Training is a necessity to ensure employees working in a comfortable space with the guard down are not more susceptible to costly attacks. However, one of the biggest drawbacks in the WFH is the lack of peer-to-peer learning that takes place. As such, despite being stereotypically more digitally savvy, more than one-fifth (23 per cent) of people from Gen Z and the Millennial generation have fallen victim to phishing emails in the past – more than their older counterparts who have experienced peer-to-peer learning.
In addition to phishing scams, Gen Z and Millennials were also found to be the most vulnerable to other types of cybersecurity threats. Just over half (52 per cent) of people from these generations have had a password stolen or at least know someone to whom this has happened, while 48 per cent have also had a social media account hacked or hijacked.
“While younger generations are more tech-savvy, they are also very accustomed to doing everything online — from communicating with friends to shopping or conducting financial transactions,” says Ruth Cizynski, Cybersecurity Researcher and author at Atlas VPN. “This daily use of the Internet from a young age makes them less cautious about engaging online or giving out their personal information.”
Simon Eyre, CISO at Drawbridge supported these findings saying, “People breaking protocol and doing everything over email (and suffering from impersonation attacks) was very real.
“Lack of proper employee training resulted in an increase in impersonation attacks while remotely working. We saw clear examples of broken protocols and procedures happening as a result of completing business over email, lacking the personal verification that would come from being in an office. We also saw examples of spoofed websites (portals into cloud services) used to steal credentials and perform relay attacks into the legitimate websites.
“The shift to work from home demonstrated the technical controls that worked well in the office environment did not always translate to successful controls in a remote working environment. Security that was on the network layer had to be implemented at the endpoint instead.

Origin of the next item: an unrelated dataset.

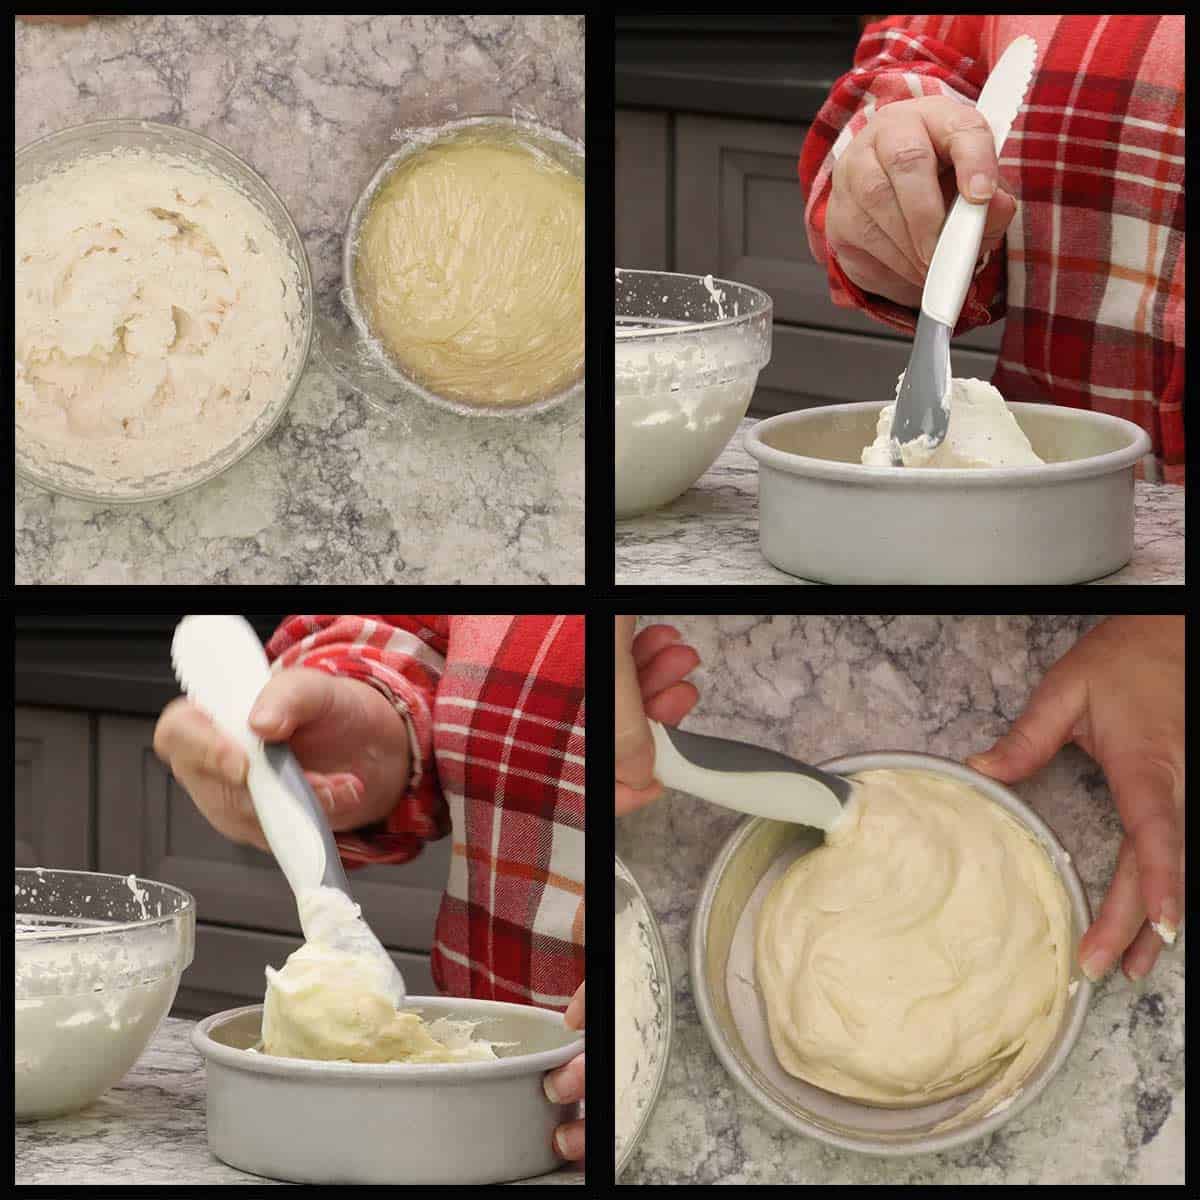 Mixing the whipped cream in with the pastry cream.

Availability is a pillar of cybersecurity as well and many BCP plans had not accommodated for non-essential staff to work for the long term, which resulted in quite a rapid deployment of new tech.”

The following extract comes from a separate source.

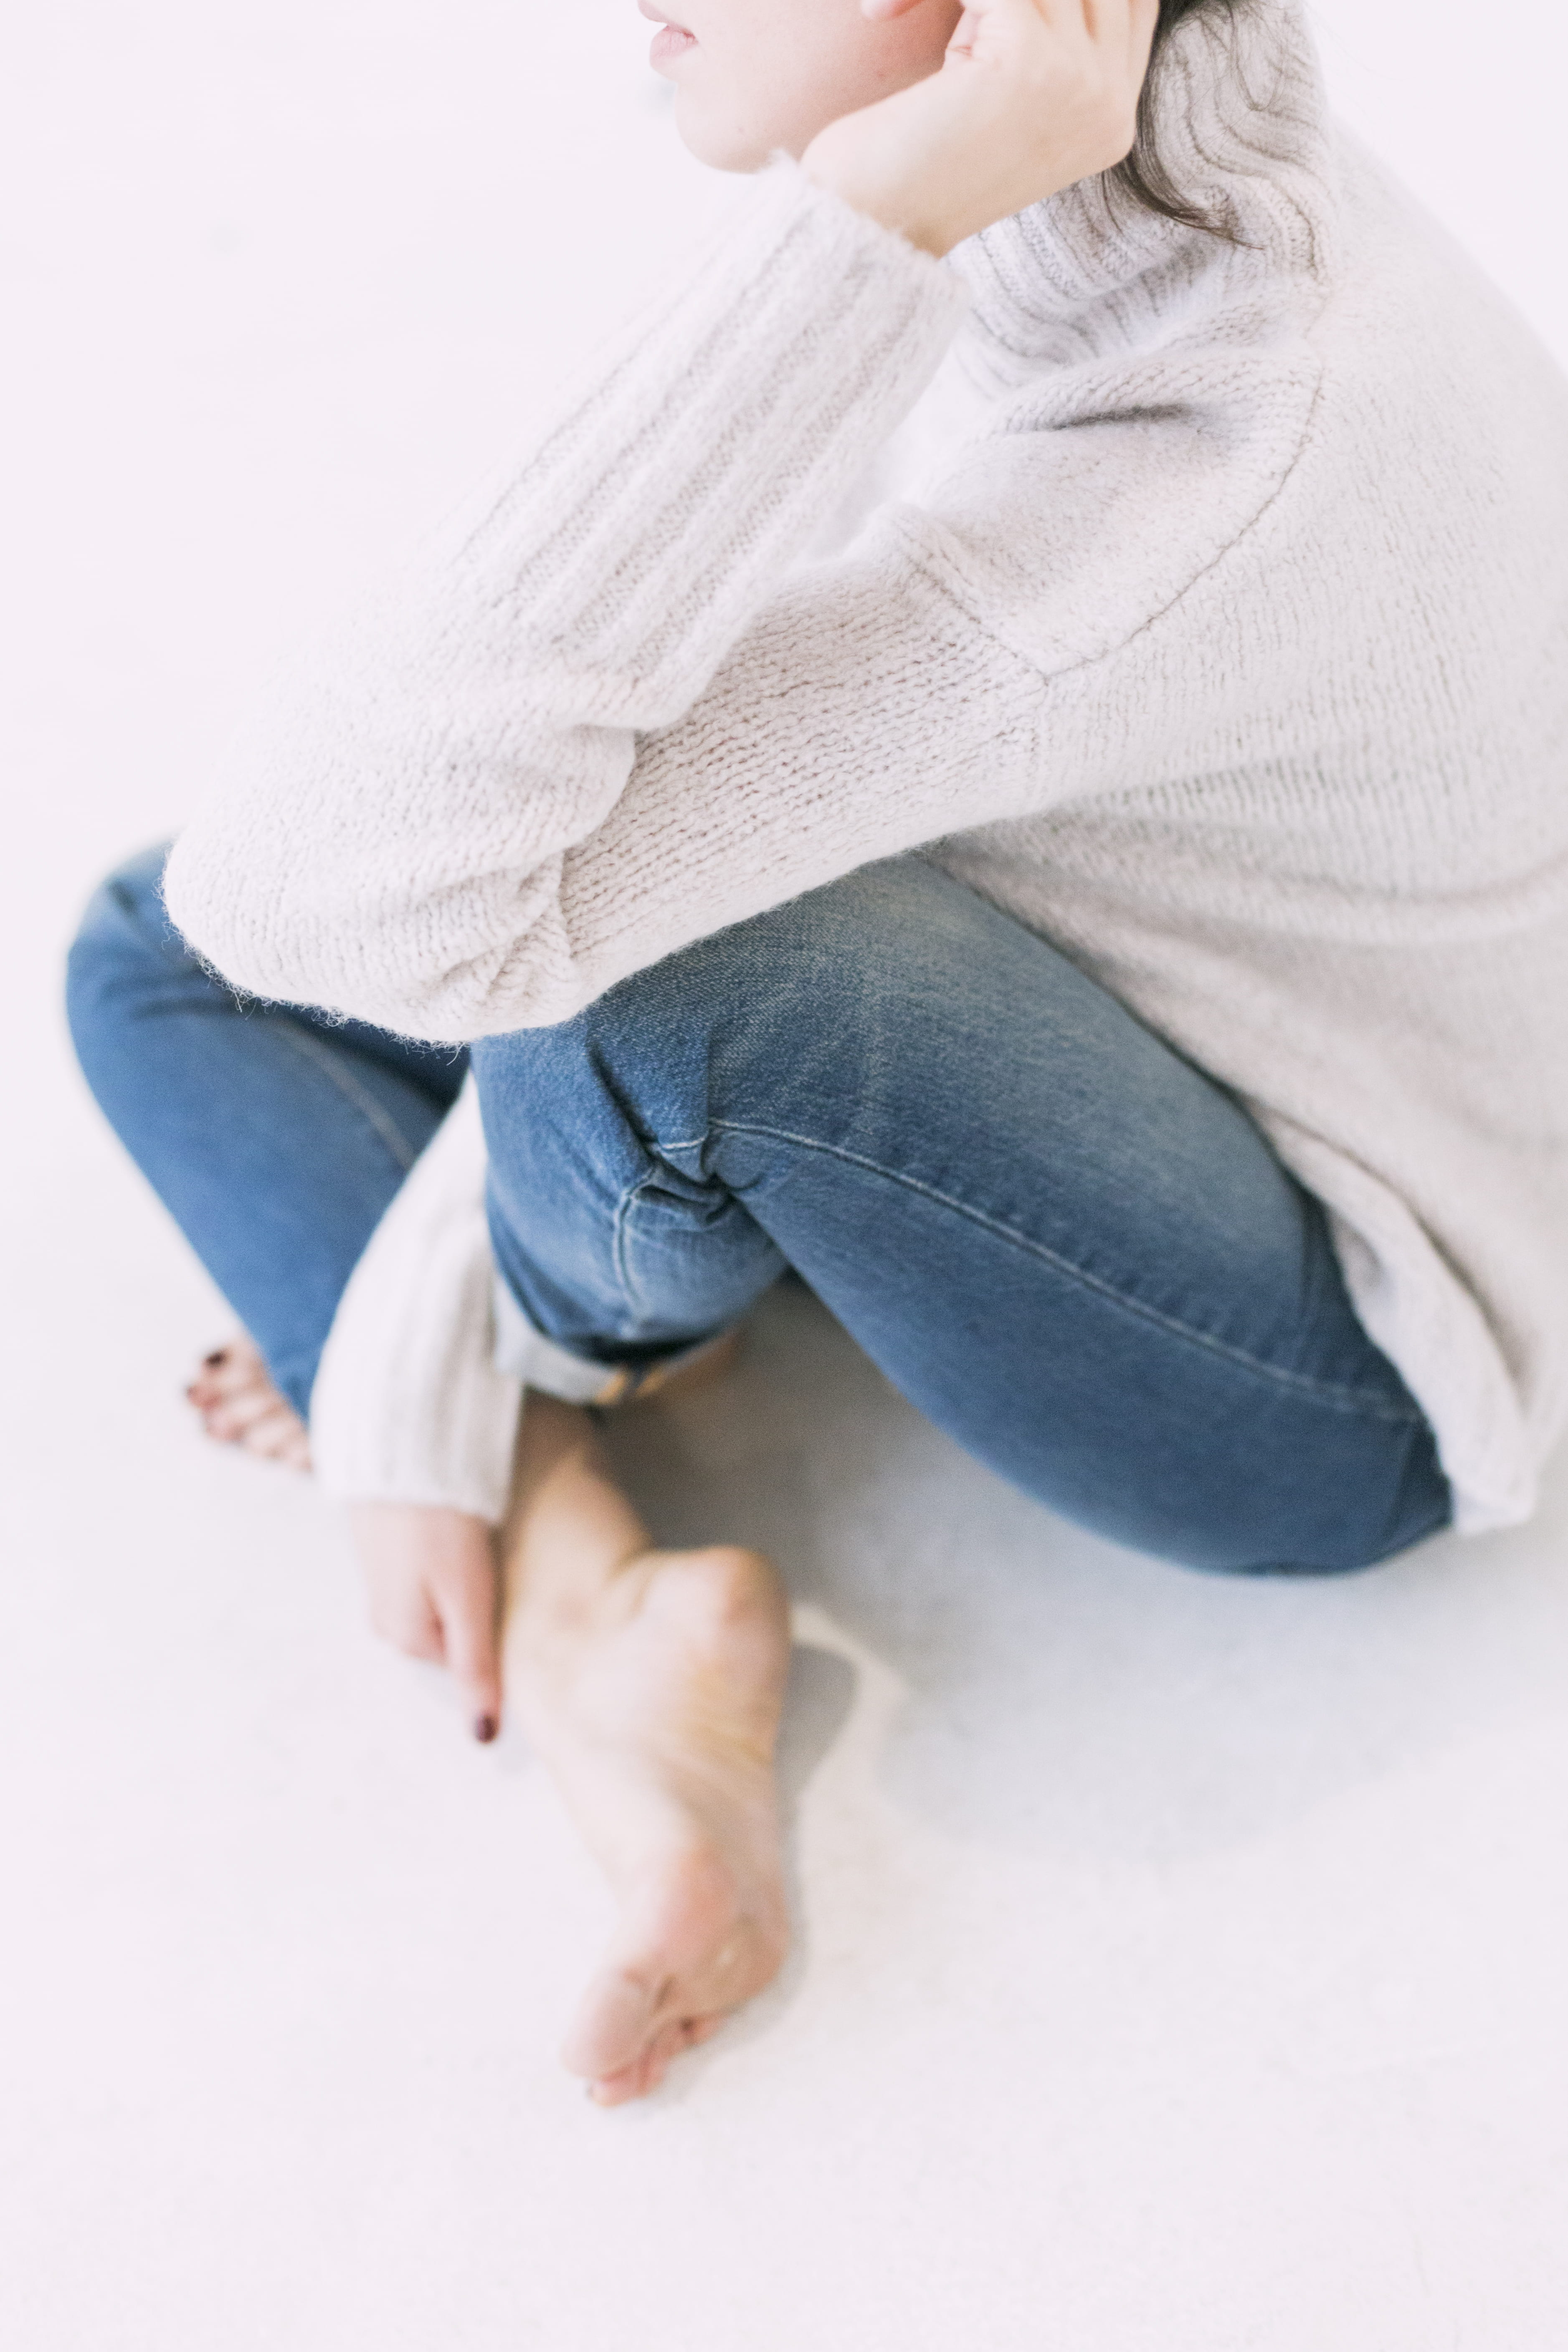 Woman in Gray Sweater and Blue Denim Jeans, adult, cute, feet

Poor training for cybersecurity threats stems not only from bad management, but also from new employees’ inability to learn from more experienced workers. Following research conducted by Elephants Don’t Forget, Adrian Harvey, CEO of the company, said “Peer-to-peer learning accounts for between 50-80 per cent of an employee’s in-role competency. So, if you are recruiting a new employee virtually, how long – if ever, will it take for them to achieve competency in the role? Tenured employees are not immune either, change is constant, and, in the past, peer-to-peer learning played a massive role in the up-skilling of the workforce with new practices, processes and knowledge.”
Whilst WFH definitely does have its perks, cybersecurity must be a top priority to ensure the employees are not more vulnerable using data outside of the office, and this can only be achieved through diligent and continuous training.